In this sense, my task as the Head of the National Park is, on the one hand, to ensure the economy of the Belovezhskaya Pushcha, and, on the other hand, to do this without doing any harm to nature. And it’s a very difficult task.

- And in this situation, what about tourists?

- It’s very simple: the main task for us in the Belovezhskaya Pushcha today is to provide and develop ecological tourism as the human recreation option less harmful to nature. That is why we do not focus on woodworking today, because we are limited in raw materials as we have just 58-59 thousand hectares of protected area.

- There is another problem - the wall being built by Poland that cuts the Belovezhskaya Pushcha into two parts ...

- No one else harms nature as much as humans. In my opinion, the wall is a narrow-minded ambition of stupid people. At the same time, the Poland’s Minister of Energy is in charge of national parks and forestry in the country today. He perceives the forest as a resource, and not as a nature reserve. By the way, they cut down a fairly large amount of their forest five years ago to improve their economy.

At the same time, I am sure that nature will ‘cope with’ all this. Yes, of course, the processes of exchanging the gene pool of hoofed animals and small animals will be disrupted, as well as the hydrology, since the Belarusian part of the Belovezhskaya Pushcha is the main water reserve, and watercourses have a slope towards Poland. So, there will be floods in Belarus, and Poland will suffer drought. Accordingly, soils will change, the species composition in the forests will change, too.

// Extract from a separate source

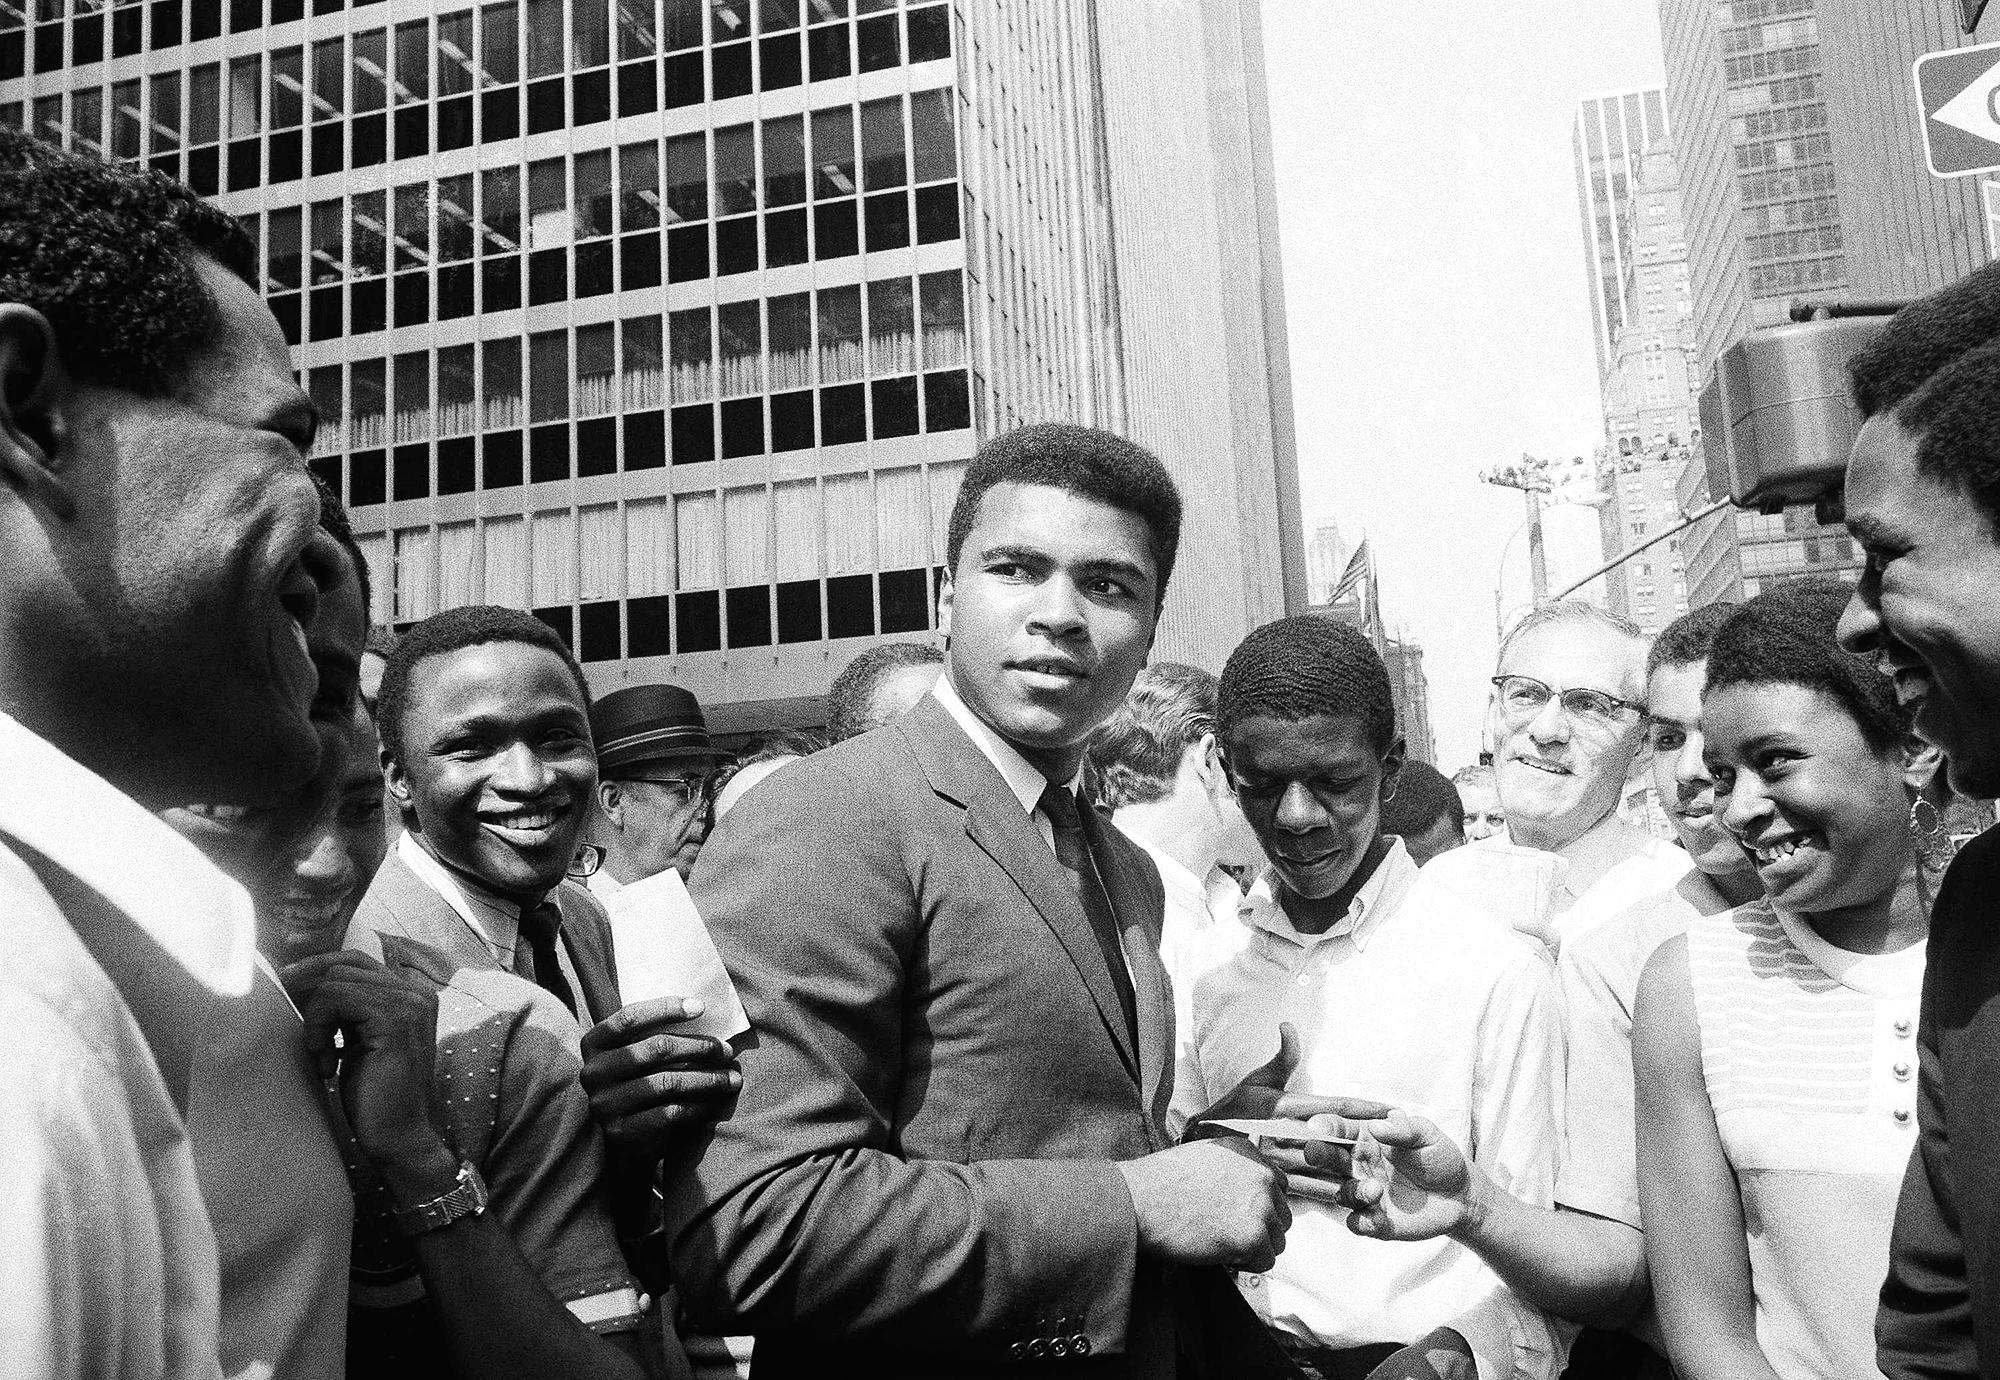 Muhammad Ali: 4 Ways He Changed America
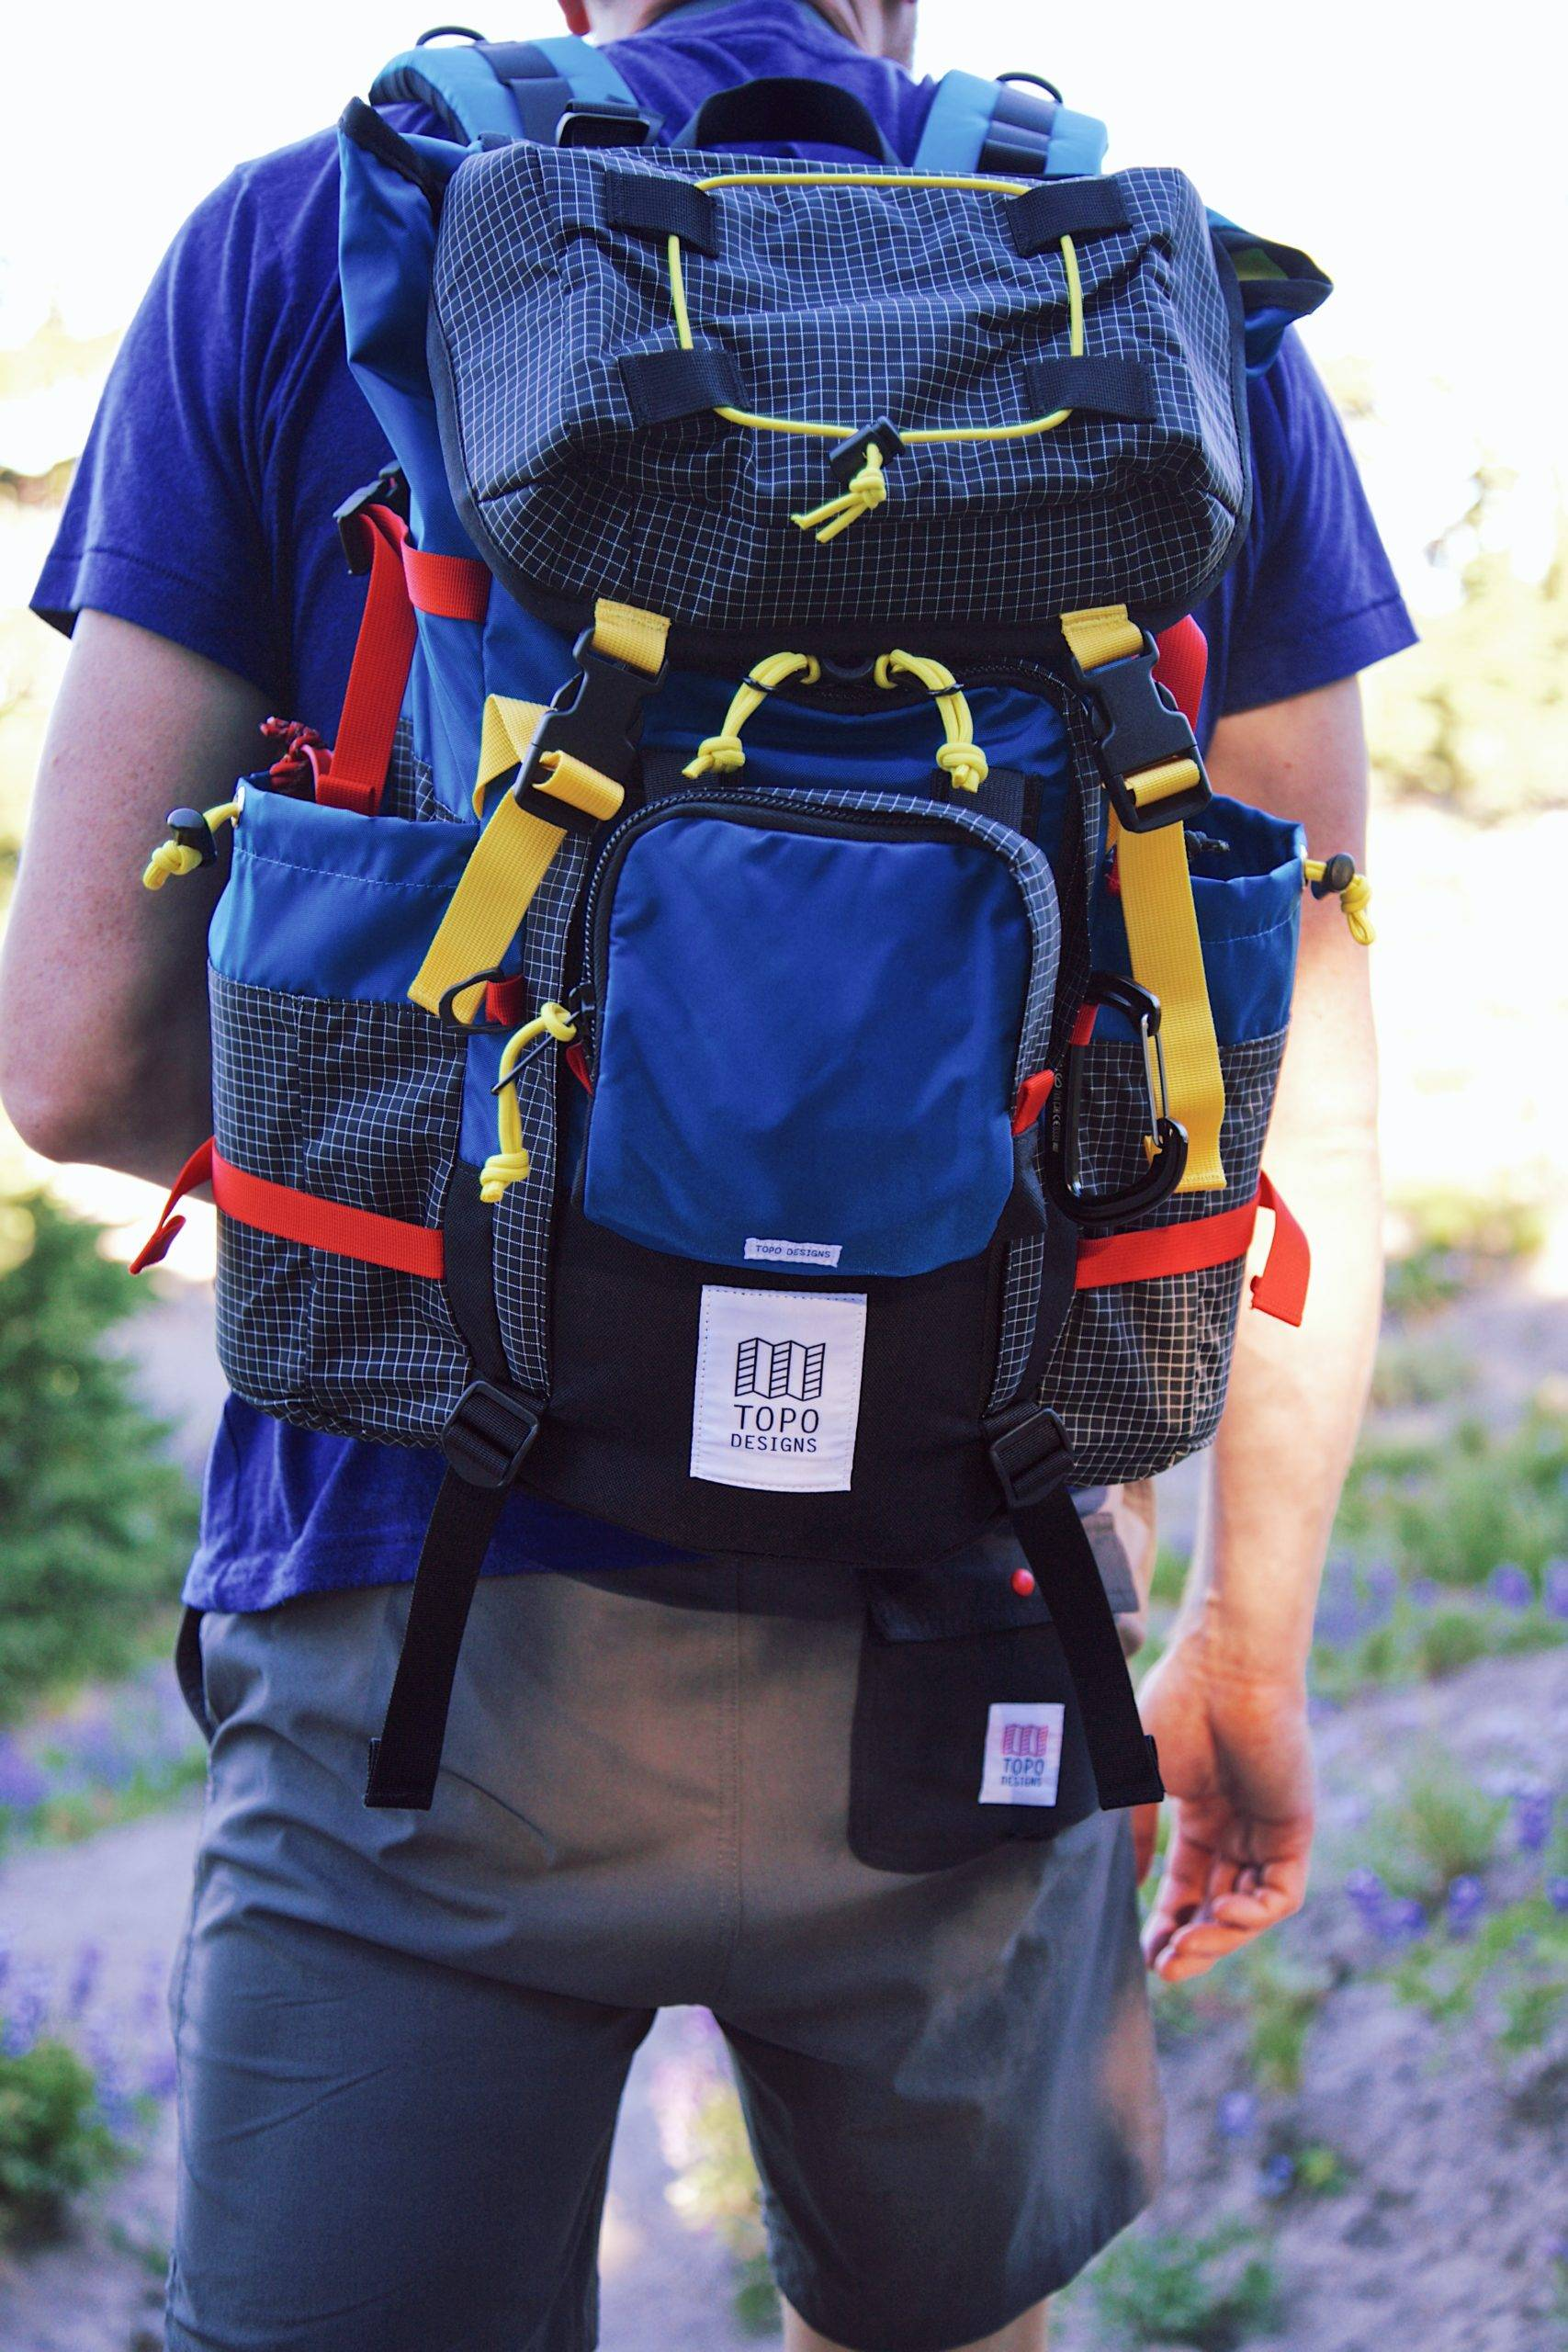 Blue backpack behind a man wearing blue shirt

By the way, Europe is sparsely wooded, it does not have such a rich animal world and such amazing forests as in Belarus and Russia.

At the same time, about 700 EU scientists appealed to the UNESCO and the Council of Europe requesting to ban the wall construction, but their opinion was ignored. It should also be kept in mind that the Belovezhskaya Pushcha is the farthest northern route of the migration of hoofed animals from Asia to Europe.

- And how serious is the situation?

- I would like to underline that if the wall is removed, everything will get back to normal within one or two generations. To do this, a political will is required.

- So, do you have a general vision of the Belovezhskaya Pushcha’s future?

- We must understand that today, we live in the world where economy reigns, everyone wants to eat. As the Director General, I see the Belovezhskaya Pushcha as a nature reserve that should be preserved and would increase its biodiversity in the future. It is necessary that the Red Book mosses, lichen, fungi, and birds would be “removed” from the Red Book - the Endangered Species List - with our help.

Therefore, we monitor the load on nature very carefully. But under these circumstances, it is necessary to solve the social issues of the locals and workers. The tourists are welcome to visit the Belovezhskaya Pushcha - come and bring money and do no harm to nature.